ВОЛЬНАЯ ПТАШКА НАЧИНАЕТ ПЕТЬ ПОД ЧУЖУЮ ДУДКУ

- Madame la baronne von-Doring! - почтительно доложил графу его француз-камердинер.

Брат с сестрой многозначительно переглянулись.

- Легка на помине, - улыбнулся Каллаш.

- Если она - я по голосу узнаю, - прошептала Анна. - Остаться мне или уйти?

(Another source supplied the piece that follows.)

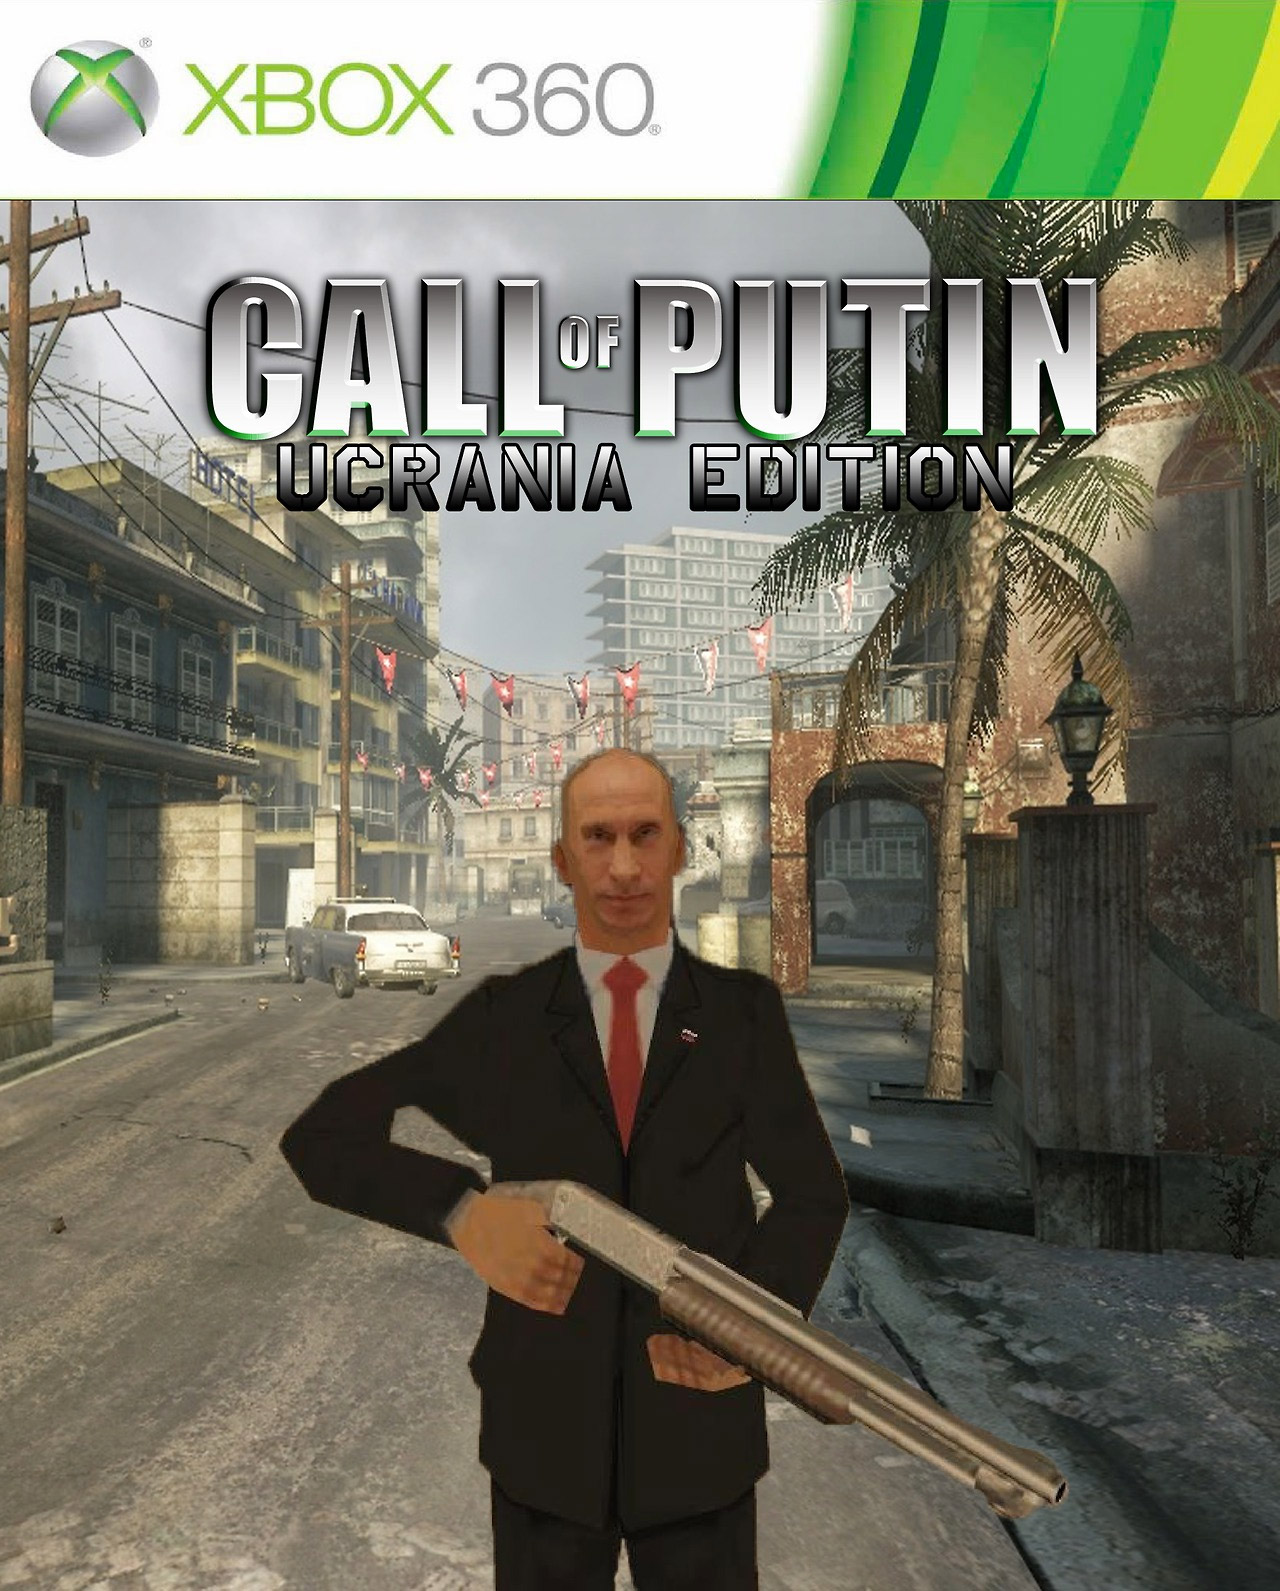 Call of Putin

- Пока оставайся - сцена будет любопытная. Faites entrez!* - кивнул он лакею.

* Впустите! (фр.).

Через минуту послышались в смежной комнате быстрые, легкие шаги и свистящий шорох шелкового платья.

- Здравствуйте, граф!.. Я к вам на минуту... Нарочно поспешила заехать. Сама, сама заехала - оцените-ка это! Владиславу некогда, а дело экстренное, хотелось скорей уведомить!.. Ну-с, мы можем все себя поздравить: судьба и счастье решительно за нас! - скороговоркой пролепетала баронесса фон Деринг, быстро влетая в кабинет графа.

- В чем дело? Что за новости? - пошел ей навстречу хозяин.

- Вы знаете, у Шадурских нет более долга! Сыр этого покойного ростовщика - как его?.. Морденко, что ли, так, кажется? Помните, который тогда скупил все их векселя? Так вот его-то сын теперь возвратил княгине все документы, на сто двадцать пять тысяч. Она сама сказала об этом моему Владиславу. Кредит их снова поднялся, и, надеюсь, вы понимаете, что это для нас самая горячая минута. Боже сохрани упустить ее! Надо придумать план, как бы лучше воспользоваться.

Баронесса вдруг осеклась на половине фразы и сильно смутилась, заметив присутствие посторонней женщины.

- Виноват!.. Я не предупредил вас, - с легкой улыбкой, пожав плечами, поклонился граф Каллаш. - Княжна Анна Яковлевна Чечевинская, - отчетливо и внятно продолжал он, указывая рукою на безобразную Чуху. - Вы, баронесса, теперь, конечно, никак бы не узнали ее, не правда ли?

- Зато я сразу узнала Наташу, - не спуская с нее глаз, спокойно сказала Анна.

Баронесса мгновенно сделалась белее полотна и слабеющей рукою поспешила ухватиться за спинку тяжелого кресла.

Каллаш с величайшей предупредительностью поспешил помочь ей усесться.

- Ты, Наташа, не ожидала меня встретить? - спокойно и даже ласково подошла к ней Анна.

- Я вас не знаю... Кто вы такая? - с усиленным напряжением почти прошептала баронесса, застигнутая совершенно врасплох.

- Мудреного нет: я так изменилась, - сказала Анна. - А вот ты все такая же, как прежде, почти никакой перемены!

Наташа мало-помалу начинала приходить в себя.

- Я вас не понимаю, - холодно сдвинула она свои брови.

- Зато я тебя хорошо поняла.

- Позвольте, княжна, - перебил ее Каллаш, - доверьте мне объясниться с баронессой: мы с нею более близко знакомы, а вас пока, извините, я попрошу на время удалиться из комнаты.

И он почтительно проводил сестру до массивной дубовой двери, которая плотно захлопнулась за ней.

- Что это значит? - с негодованием поднялась баронесса, сверкнув на графа своими серыми глазами из-под сдвинутых широких бровей.

- Случай! - не без иронии, пожав плечами, улыбнулся Каллаш.

- Что за случай? Говорите ясней!

- Бывшая барышня узнала свою бывшую горничную - и только.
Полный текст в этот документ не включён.